I have modified the DATA a little to be easier to follow
use strict;
use warnings;
my @lin = <DATA>;
map {
$lin[$_] and $lin[$_] =~/XXXXX/ ?
$_ == 0 ? splice @lin,0,2,undef,undef :
$_ == $#lin ? splice @lin,$_-1,2,undef,undef :
splice @lin,$_-1,3,undef,undef,undef :
1
} 0..$#lin;
print "$_" for grep {defined} @lin;
__DATA__
XXXXX
Aoooo
XXXXX is my name
Boooo
11111
22222
33333
Coooo
XXXXX is what I play
Doooo
44444
# OUTPUT
11111
22222
33333
44444
L*
There are no rules, there are no thumbs..
Reinvent the wheel, then learn The Wheel; may be one day you reinvent one of THE WHEELS.
| [reply] [Watch: Dir/Any] [d/l] |
|
use strict;
use warnings;
my $file_content = do {
local $/ = undef;
<DATA>;
};
$file_content =~ s/
(?:.*\n)?
^X{5}.*\n
(?:.*\n)?//xmg;
print $file_content;
__DATA__
XXXXX
Aoooo
XXXXX is my name
Boooo
11111
22222
33333
Coooo
XXXXX is what I play
Doooo
44444
| [reply] [Watch: Dir/Any] [d/l] |
|
use strict;
use warnings;
my @unv;
my $pos;
while (<DATA>){push @unv,$.-1,$.,$.+1 if /XXXXX/;$pos=(tell DATA)-leng
+th $_ unless $pos}
seek DATA,$pos,0;
while (<DATA>) {print unless $.-__LINE__ ~~ @unv}
__DATA__
XXXXX
Aoooo
XXXXX is my name
Boooo
11111
22222
33333
Coooo
XXXXX is what I play
Doooo
44444
# OUTPUT
11111
22222
33333
44444
If you spot the trick please explain it to... me!
L*
UPDATE:
the trick can be avoided with a cleaner solotion assigning to $.
use strict;
use warnings;
my @unv;
my $pos;
while (<DATA>){push @unv,$.-1,$.,$.+1 if /XXXXX/;$pos=(tell DATA)-leng
+th $_ unless $pos}
seek DATA,$pos,0;
$.=0;
while (<DATA>) {print unless $. ~~ @unv}
L*
There are no rules, there are no thumbs..
Reinvent the wheel, then learn The Wheel; may be one day you reinvent one of THE WHEELS.
| [reply] [Watch: Dir/Any] [d/l] [select] |
|
Less tricky than the above oneliner version:
# file used below has the same content of the previous example's DATA
+token<P>
perl -e "open $fh,$ARGV[0];while(<$fh>){push @unv,$.-1,$.,$.+1 if /XXX
+XX/}seek $fh,0,0;while(<$fh>){print unless ++$index ~~ @unv}" file
11111
22222
33333
44444
i was not able to resolve to use perl -lne because i've encountered some problem using seek ARGV even if in a BEGIN block.
L*
There are no rules, there are no thumbs..
Reinvent the wheel, then learn The Wheel; may be one day you reinvent one of THE WHEELS.
| [reply] [Watch: Dir/Any] [d/l] [select] |
|
Another special case is when /xxxxx/ appears on two (or more) consecutive lines.
| [reply] [Watch: Dir/Any] |
|
| [reply] [Watch: Dir/Any] |
Re: how to check for a word in a file and if found remove that line, the above line and the below line from the file.
by johngg (Canon) on Jan 20, 2016 at 11:59 UTC
|
Here's a slightly different approach that runs a while loop checking that end of file hasn't been reached rather than reading each line directly.

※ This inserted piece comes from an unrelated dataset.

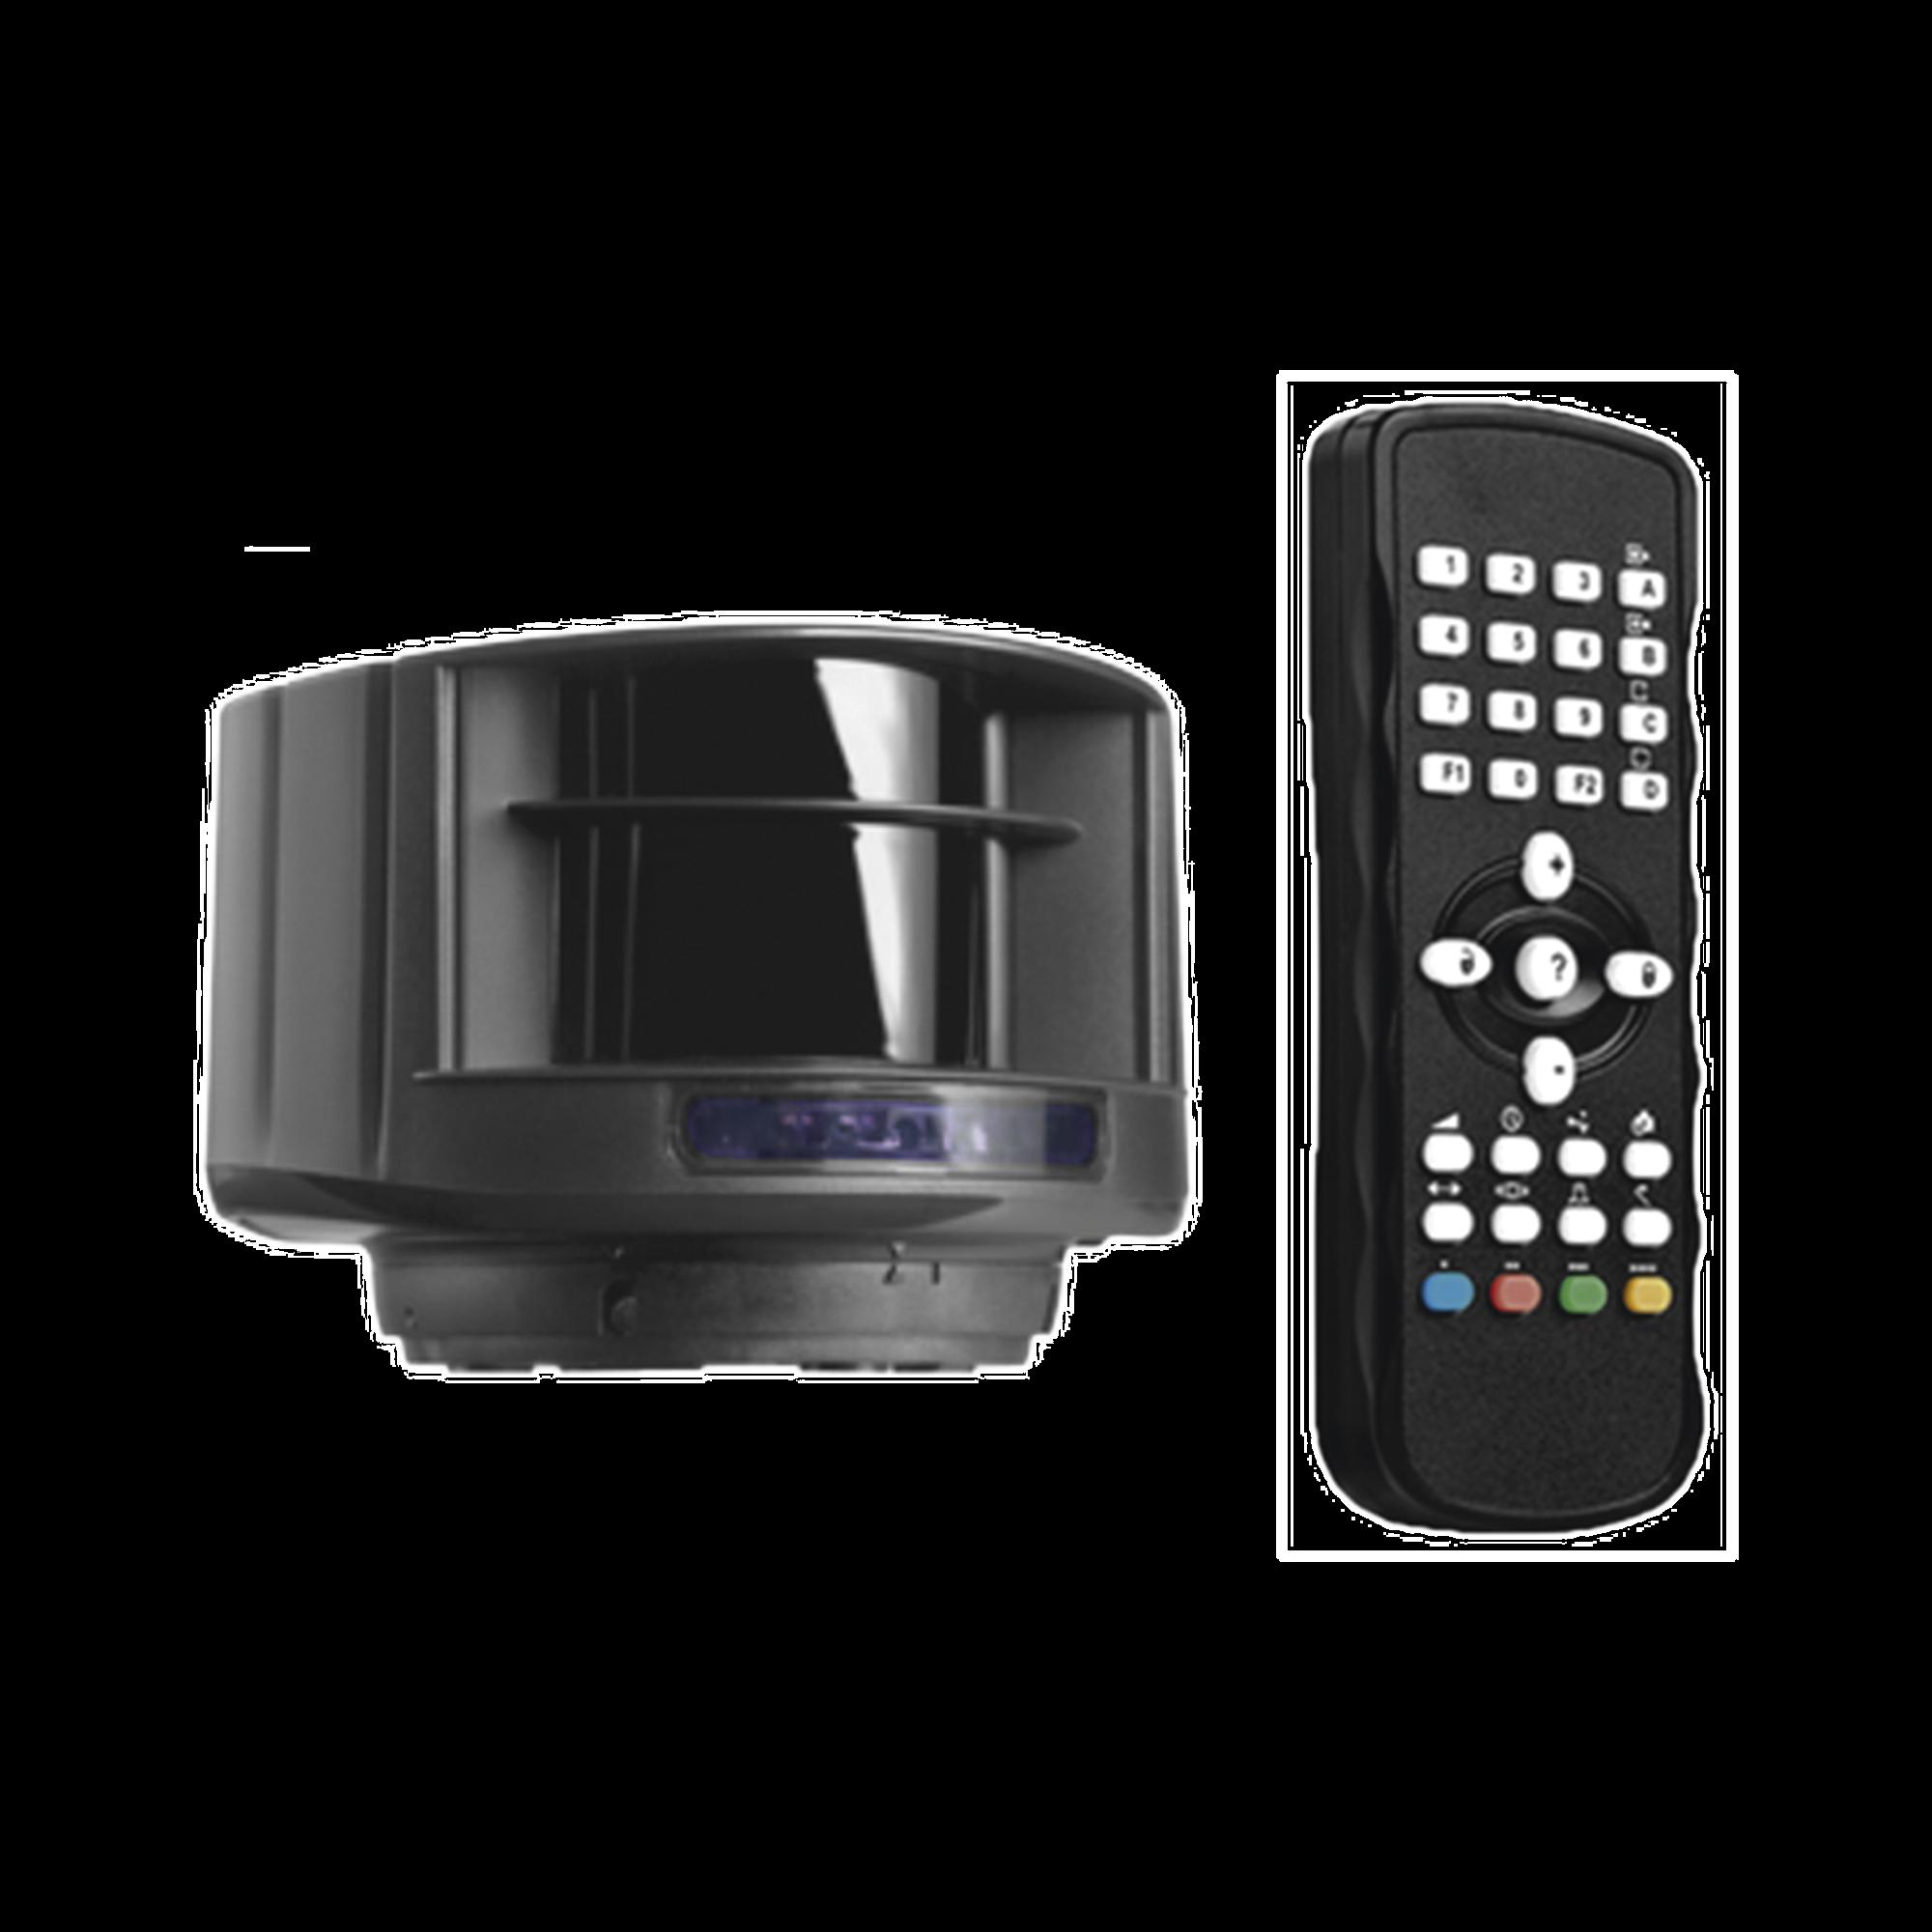 Kit de Sensor láser y control remoto / Evite el uso de lazos magnéticos / Protege carriles de hasta 9.6 m de ancho y 9.6 metros de profundidad

Inside the loop a line is pushed onto the buffer then tested for the "reject" condition. If it is a reject then the next line is also added to the buffer then the whole buffer is discarded so as to reject all three lines. If the most recent line was not a reject then the previous line is shifted off the buffer and printed.
use strict;
use warnings;
open my $inFH, q{<}, \ <<EOD or die $!;
XXXXX - additional test 1
XXXXX - additional test 1
ZZZZZ
HHHHH - additional test 1 output expected
PPPPP
XXXXX is my name 1
XXXXX is my name 2
YYYYY
KKKKK
UUUUU
BBBBB
CCCCCC
XXXXX is what I play
KKKKK
NNNNN
ZZZZZ - additional test 2b
XXXXX - additional test 2a
QQQQQ - additional test 3
RRRRR - additional test 4
GGGGG
XXXXX - additional test 5
XXXXX - additional test 5
EOD
my @buffer;
while ( not eof $inFH )
{
push @buffer, scalar <$inFH>;
if ( $buffer[ -1 ] =~ m{XXXXX} )
{
last if eof $inFH;
push @buffer, scalar <$inFH>;
push @buffer, scalar <$inFH>
while $buffer[ -1 ] =~ m{XXXXX} and not eof $inFH;
@buffer = ();
}
else
{
print shift @buffer
unless scalar @buffer == 1 and not eof $inFH;
}
}
close $inFH or die $!;
The output.
HHHHH - additional test 1 output expected
KKKKK
UUUUU
BBBBB
NNNNN
RRRRR - additional test 4
I hope this is of interest.
Update: Added the output.
Update: 2: Inserted push @buffer, scalar <$inFH> while ... line and added some paired "XXXXX" lines to address the point raised by mr_mischief. The output is unchanged.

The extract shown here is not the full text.